# Event at CFB Borden



## Jake (10 Jun 2006)

CFB Borden is having an event on June 24-25th with displays and air shows for anyone in the Borden area who would like to attend. I saw a poster for it in the Future Shop window for it today.(I wasn't sure where to post this, if it's in the wrong spot feel free to move it)


----------



## dk (11 Jun 2006)

It's the Borden Armed Forces Day and Air Show.
More info at http://www.bordenafd.ca/


----------



## Jake (11 Jun 2006)

Thanks for the link.


----------



## PViddy (11 Jun 2006)

Hey, 

That's great thanks for the link.  Would anyone have any info about th Trenton airshow this year ? 

thanks,

PV


----------



## Oz_ (11 Jun 2006)

There is no airshow in Trenton this year.


----------



## PViddy (11 Jun 2006)

That's what i thought.

Thanks,

PV


----------



## JBP (11 Jun 2006)

Heck I would minding spending my day off up in Borden at this little fiasco but does anyone know apprx how long it takes to drive to Borden from St. Catharines/Niagara Falls??? I imagine about 3 hours or so???

Joe


----------



## JBP (11 Jun 2006)

PS Folks>

For those into Air Shows specifically, the Canadian International Airshow this year at CNE is having a F-22 Raptor!!! I myself got all giggly when I seen this and it confirms I will be going for sure... There are also many other awesome demonstration fighters there this year like F-16, F-15 and CF-18 and F/A-18 Superhornet!!!

This is going to be one heck of a show compare to usual. Strangely I didn't notice the Snowbirds on the line up and thier ALWAYS there?!?!? Anyone have any info on that??? Maybe I just missed them in the lineup whe I got all giggly about the F-22....  

Just think, 72,000lbs of static afterburner thrust blowing by you 1500ft away!!! THAT will wake your adrenaline glands up!
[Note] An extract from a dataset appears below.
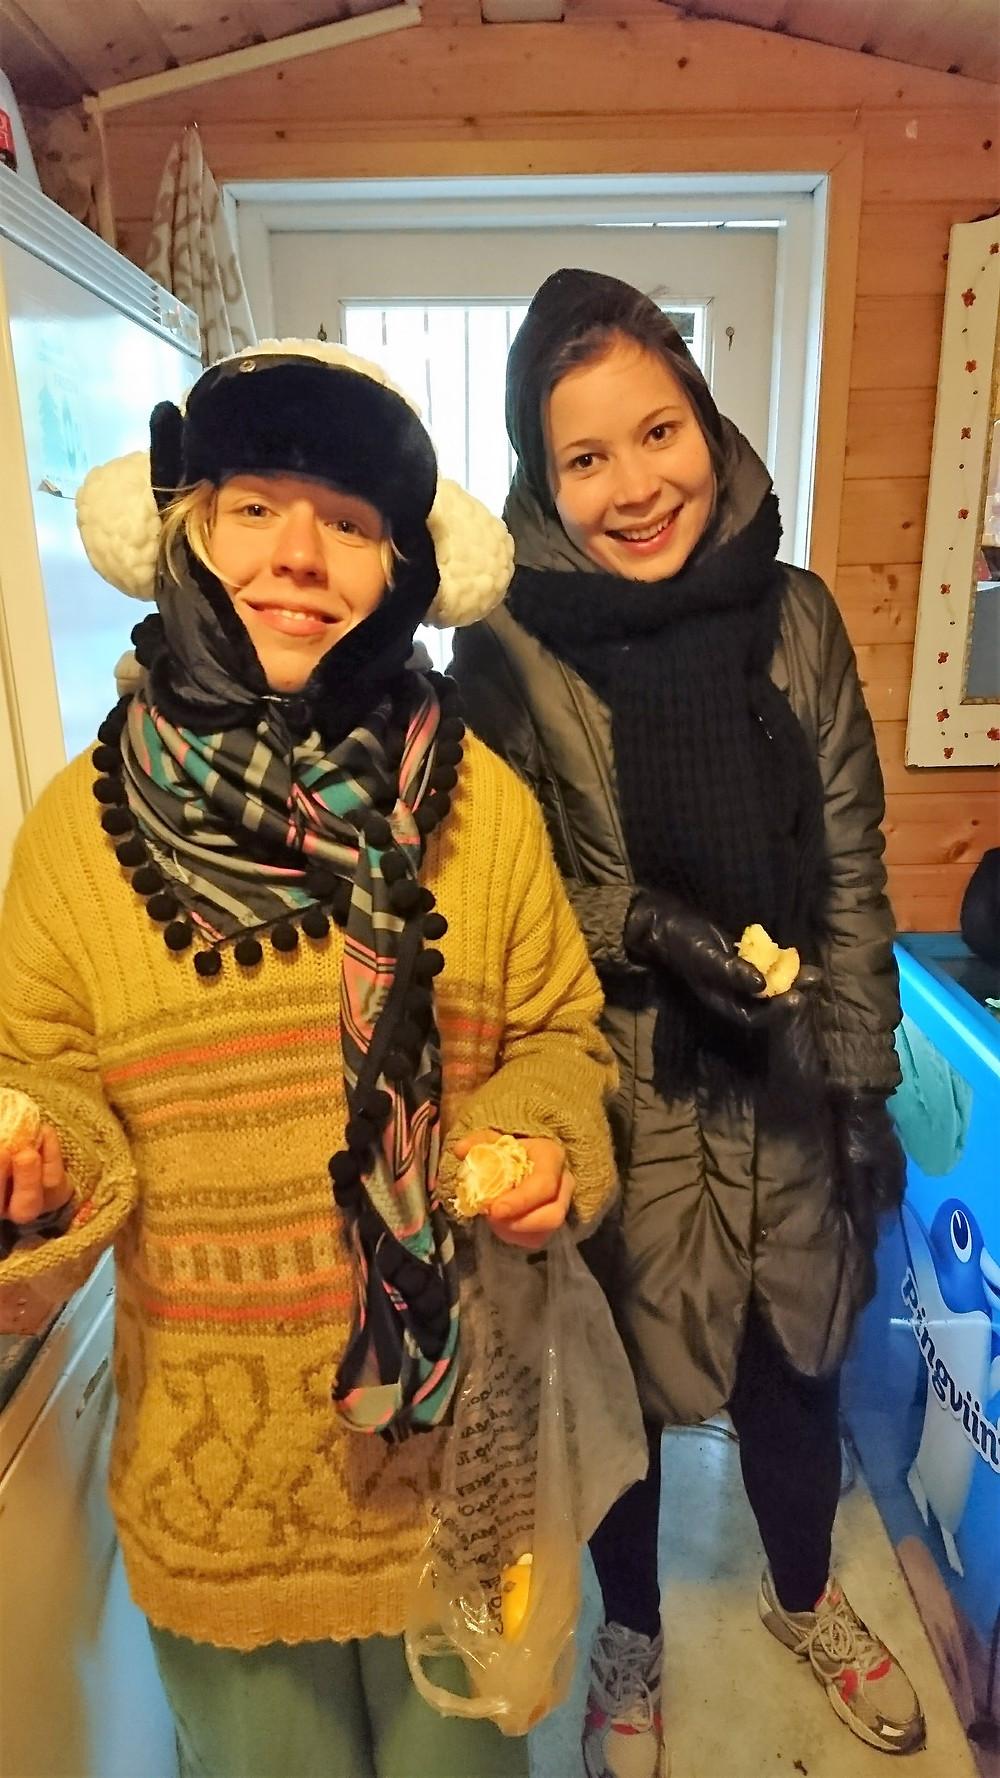 Ennätyksellisen kylmä kevät kysyi näyttelijöiltä luovuttaa myös pukeutumisessa. Vilma Putro ja Anna Andersson ja treenivaatetus. Kuva Suvi Lahdenmäki.

Anyone plan on going/want to setup a "meet and greet"??? I'm going Saturday Sept 3?... The first day of the show...


----------



## Conquistador (11 Jun 2006)

A Raptor, eh? I might take a look into the show, only problem for me would be getting there.


----------



## dk (11 Jun 2006)

R031 Pte Joe said:
			
		

> Heck I would minding spending my day off up in Borden at this little fiasco but does anyone know apprx how long it takes to drive to Borden from St. Catharines/Niagara Falls??? I imagine about 3 hours or so???
> 
> Joe




It's 217 KM (about 3 hours)  
Google Maps
http://maps.google.ca/maps?daddr=Niagara+Falls,+ON+%4043.083852,-79.099960&saddr=borden,+ontario&f=li&hl=en&cid=&om=1


----------



## George Wallace (11 Jun 2006)

dk said:
			
		

> It's 217 KM (about 3 hours)
> Google Maps
> http://maps.google.ca/maps?daddr=Niagara+Falls,+ON+%4043.083852,-79.099960&saddr=borden,+ontario&f=li&hl=en&cid=&om=1



Or that new standard of travel distance/time measurement being adopted in Canada - Three Large Double Doubles.


----------



## SoF (13 Jun 2006)

Cool; I'll be arriving in Borden around that time for basic. I doubt I'll be able to attend though.


----------



## pteosborne (13 Jun 2006)

I'll be there, attendance is mandatory!   
might be fun anyway though.


----------



## TMM (13 Jun 2006)

Thanks Jake! For the record, the Snowbirds are 5th on the list:

http://www.cias.org/lineup.html

Hopefully I can convince Mr. TMM and TMM jr. this is worth the drive up for our anniversary!


----------



## Jake (13 Jun 2006)

Happy Anniversary! I'll be going to Borden too.


----------



## PViddy (14 Jun 2006)

Awesome, The CNE show is always good.  I'll be there.

PV


----------



## Thompson_JM (14 Jun 2006)

Im in borden on my 5's right now.

I should give it a go, looks like fun.

cheers
 - Josh


----------



## SierraAir (14 Jun 2006)

I'll be working the Tutor display... See you there!


----------



## foerestedwarrior (14 Jun 2006)

I have to work down in black down. Aslong as nothing breaks, I might make the long trip(range road is closed for the air show, so you have to go through angus) up top.


----------



## civvy3840 (19 Jun 2006)

Looks like I'm going with my friend Petra. Should be fun...maybe I'll see some of you guys there.


----------



## Thompson_JM (20 Jun 2006)

foerestedwarrior said:
			
		

> I have to work down in black down. Aslong as nothing breaks, I might make the long trip(range road is closed for the air show, so you have to go through angus) up top.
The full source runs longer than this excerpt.